Preoperative Chemo Acceptable in Soft-Tissue Sarcoma

September 8, 2015

Preoperative chemotherapy, both with or without concurrent radiotherapy, is feasible among patients with localized, high-risk soft-tissue sarcoma, according to a new phase III trial.

Preoperative chemotherapy, both with or without concurrent radiotherapy (RT), is feasible among patients with localized, high-risk soft-tissue sarcoma, according to a new phase III trial.

The trial, conducted by the Italian Sarcoma Group and the Spanish Sarcoma group, previously found that 3 cycles of adjuvant chemotherapy are not inferior to 5 cycles with regard to overall survival and relapse-free survival. The new report, led by Alessandro Gronchi, MD, of the Istituto Nazionale dei Tumori in Milan, Italy, focused on the toxicity of the preoperative chemotherapy and the feasibility of combining it with RT in selected patients.

The study included 321 patients randomized to either 3 preoperative cycles of epirubicin plus ifosfamide or those 3 cycles plus 2 postoperative cycles; 303 of those patients were included in this analysis. A total of 152 patients received concurrent RT preoperatively, at a total dose of 44 to 50 Gy, and 126 patients received postoperative RT.

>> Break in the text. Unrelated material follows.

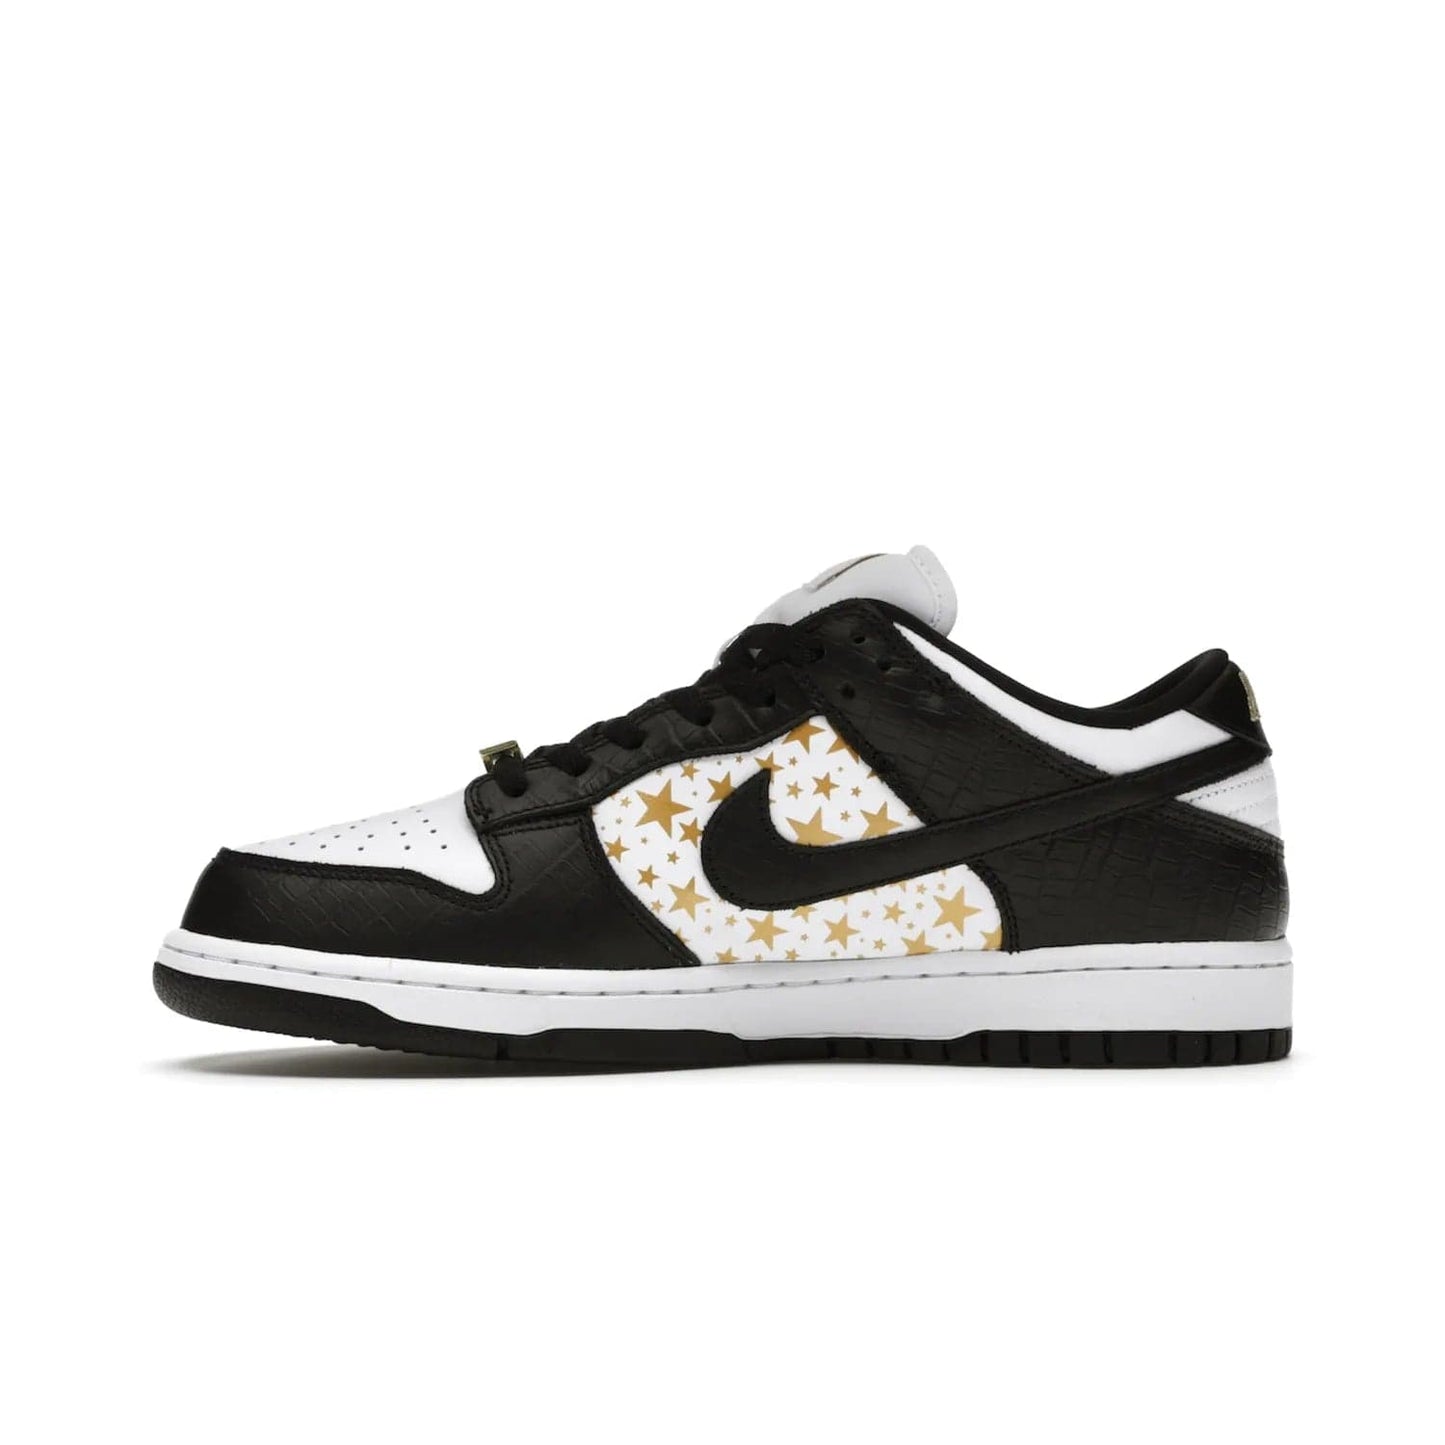 Nike SB Dunk Low Supreme Stars Black (2021) - Image 19 - Only at www.BallersClubKickz.com - Retro style and signature details make the Nike SB Dunk Low Supreme Black a must-have. This special edition shoe features a white leather upper and black croc skin overlays complemented by gold stars and deubré. Enjoy a piece of SB history and grab yours today.
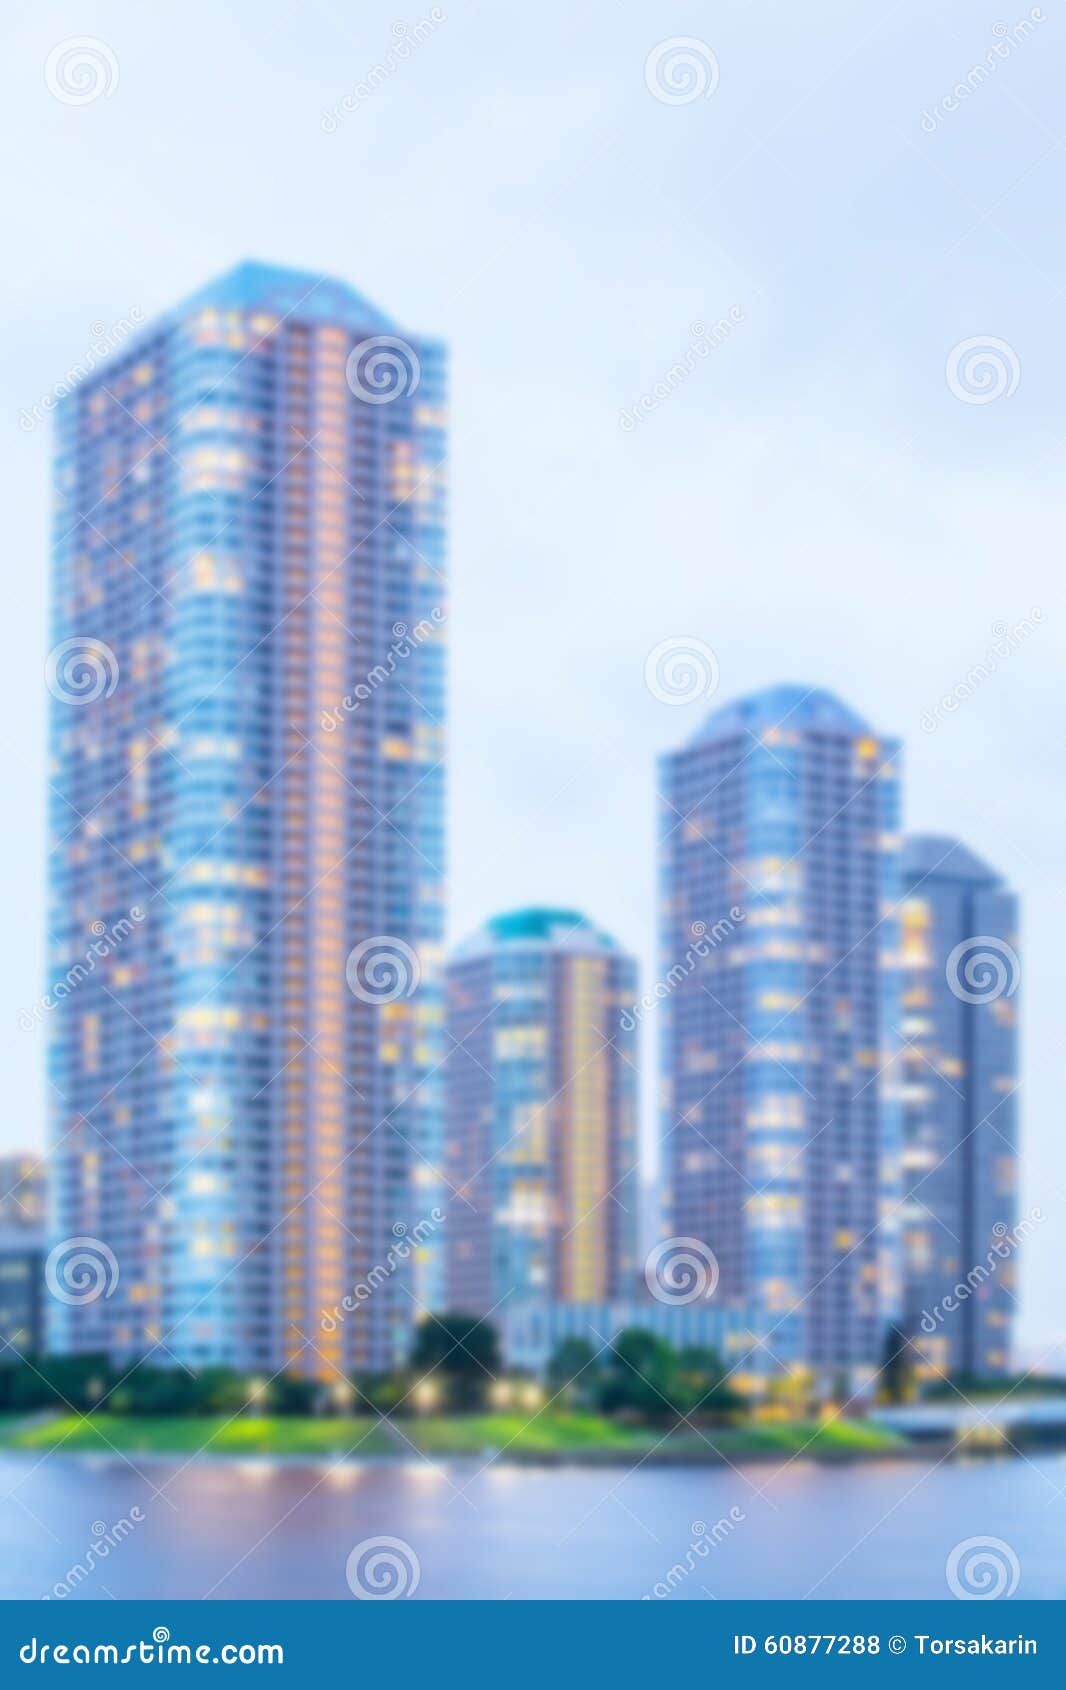 Blurred Background of the High Rise Building Stock Photo - Image of steel,  cityscape: 60877288

Grade 4 leucopenia occurred in 61.4% of all patients in the trial. Grade 3/4 anemia occurred in 22.4% of patients, and grade 3/4 thrombocytopenia occurred in 23.8%. There were no fatal toxicities.

Among only those patients who underwent concurrent preoperative RT, 66.4% experienced grade 4 leucopenia, 24.3% experienced grade 3/4 anemia, and 31.6% experienced grade 3/4 thrombocytopenia. In the patients who received preoperative chemotherapy alone, these rates were 56.3%, 20.5%, and 15.9%, respectively.

The rates of those complications were slightly higher in a subgroup of patients aged 65 years and older, at 71.8%, 23.1%, and 38.5%, respectively. Wound complications were seen in 17.1% of patients who received preoperative RT, and in 9.9% of those receiving chemotherapy alone; wound complications occurred in 17.9% of the elderly patients subgroup.

The mean overall chemotherapeutic dose intensity was 94.9%, and the average relative dose intensity was 93.9% in preoperative RT patients and 95.5% in chemotherapy alone patients; it was 92.6% in elderly patients.

Logistic regression analysis showed that only gender was significantly associated with grade 4 leucopenia, with female patients 2.5 times as likely to develop the complication. This was also true for grade 3/4 anemia, while both age and preoperative RT were both significantly associated with grade 3/4 thrombocytopenia.

“In conclusion, concomitant chemotherapy/RT can be proposed for patients with soft-tissue sarcoma when surgical reasons suggest that major preoperative shrinkage may help,” the authors wrote.